I guess I will try this in the management section:

The local radio station has discussed the idea of doing tree info interviews once a week. They do similar things with a computer company who educates people over the air about topics that they may not know or new things that come up. 

They allow people to write in questions and then they can pick a write in topic to talk about also. 

Great advertising and I am all for it however they wanted to know if there was enough material to do a daily show where I would record each segment for a whole week once a week. 

Just looking for feedback and ideas or concerns and if anyone else is doing this where you get your stuff or how you decide what to talk about. 

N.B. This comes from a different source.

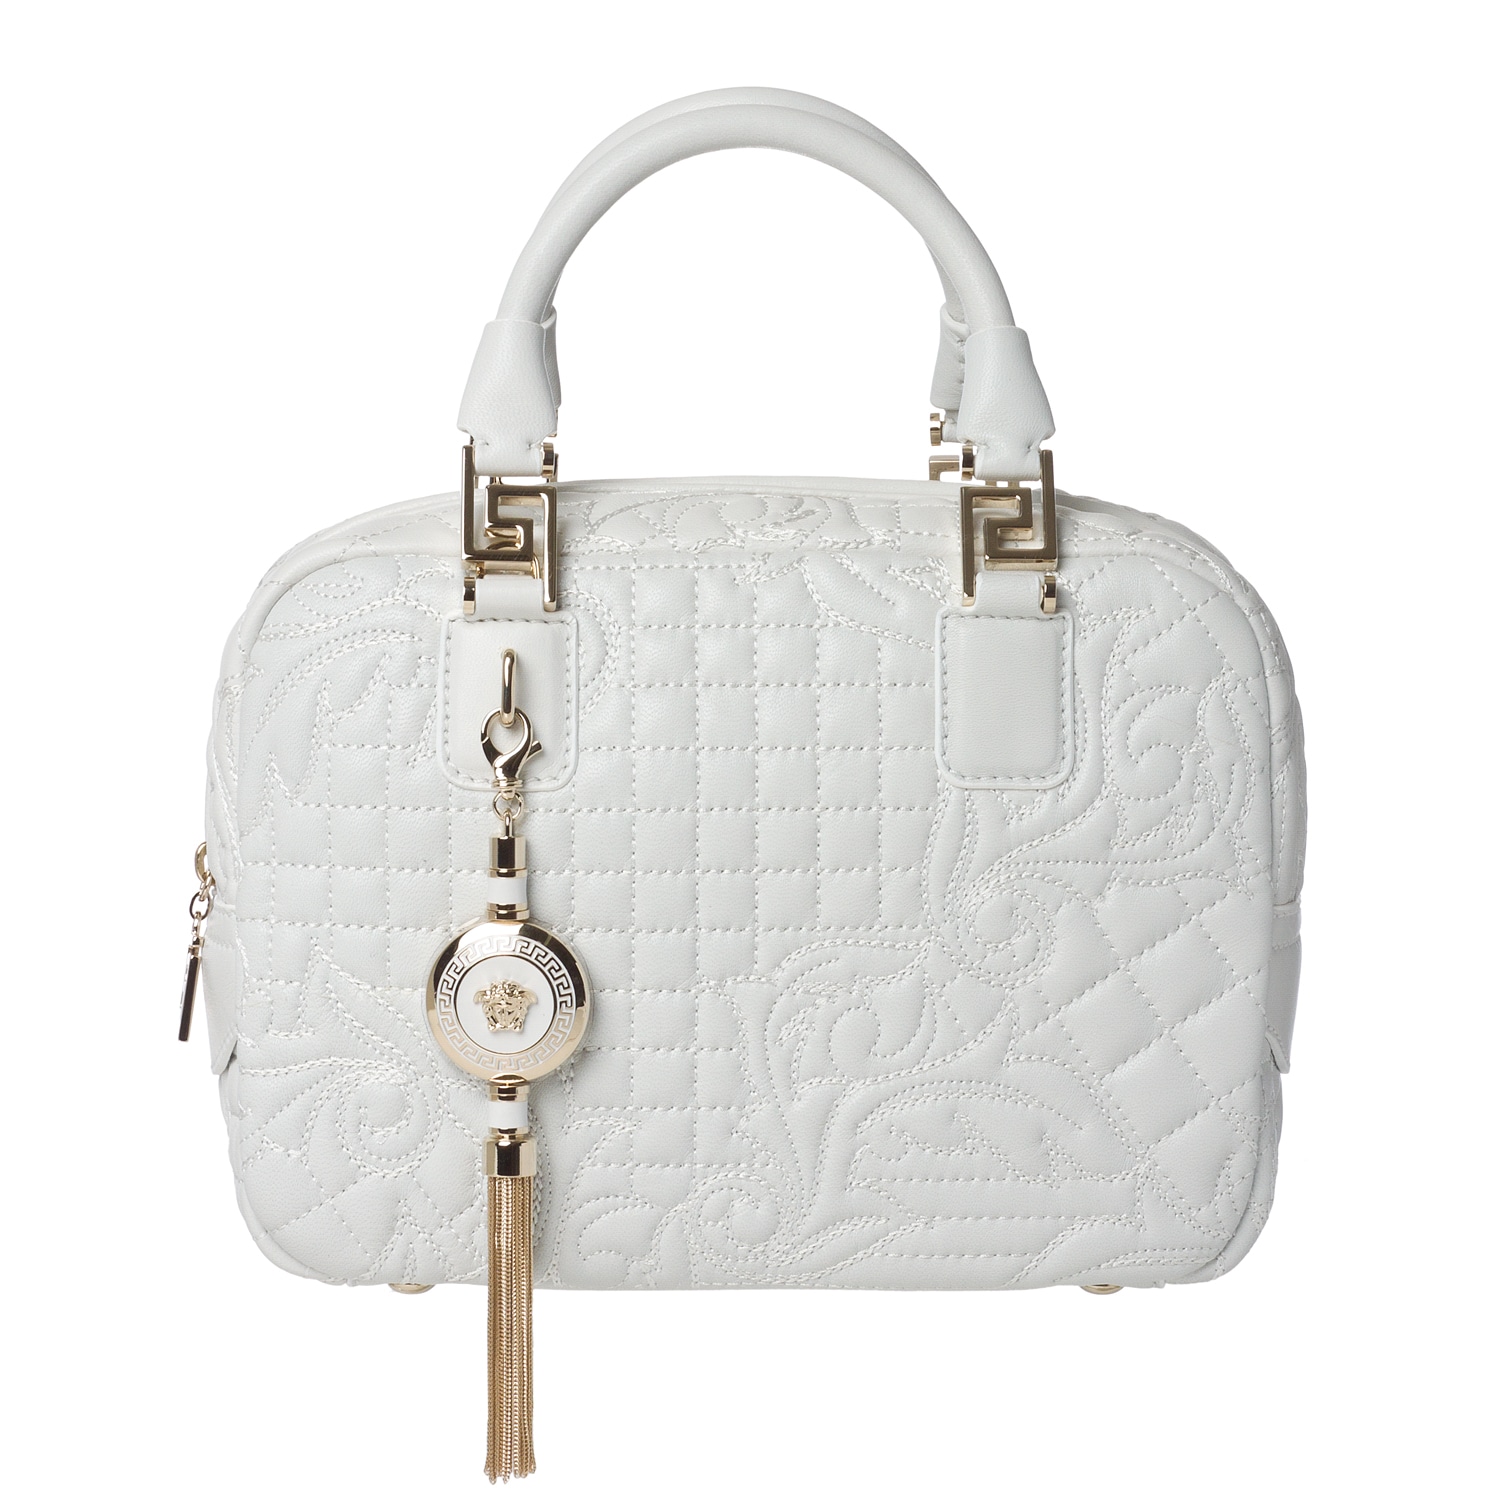 Versace 'Vantias' Quilted White Leather Satchel Bag Free Shipping Today 14357426

I just don't want to find myself doing homework searching for material all the time. The issues being discussed have to be a local issue.


----------



## lesfritz (Oct 25, 2006)

*radio*

i would suggest an "ask the expert forum" that allowed you to answer one question per week and it played daily during the morning and evening drive time hours. e.g. <radio announcer> "Helga from St. Paul wrote in this week and wanted to know what is the best way to get rid of that ugly old stump in her yard". We asked the expert Paul Buynan ~ <Paul speaking> "We'll Helga, dynamite's the answer"...

Radio marketing can be very effective for long term returns with TOM (top of mind awareness), but the content needs to be relevant, short and fresh. I had customers talk about my radio advertising for years.

Hope this helps.


----------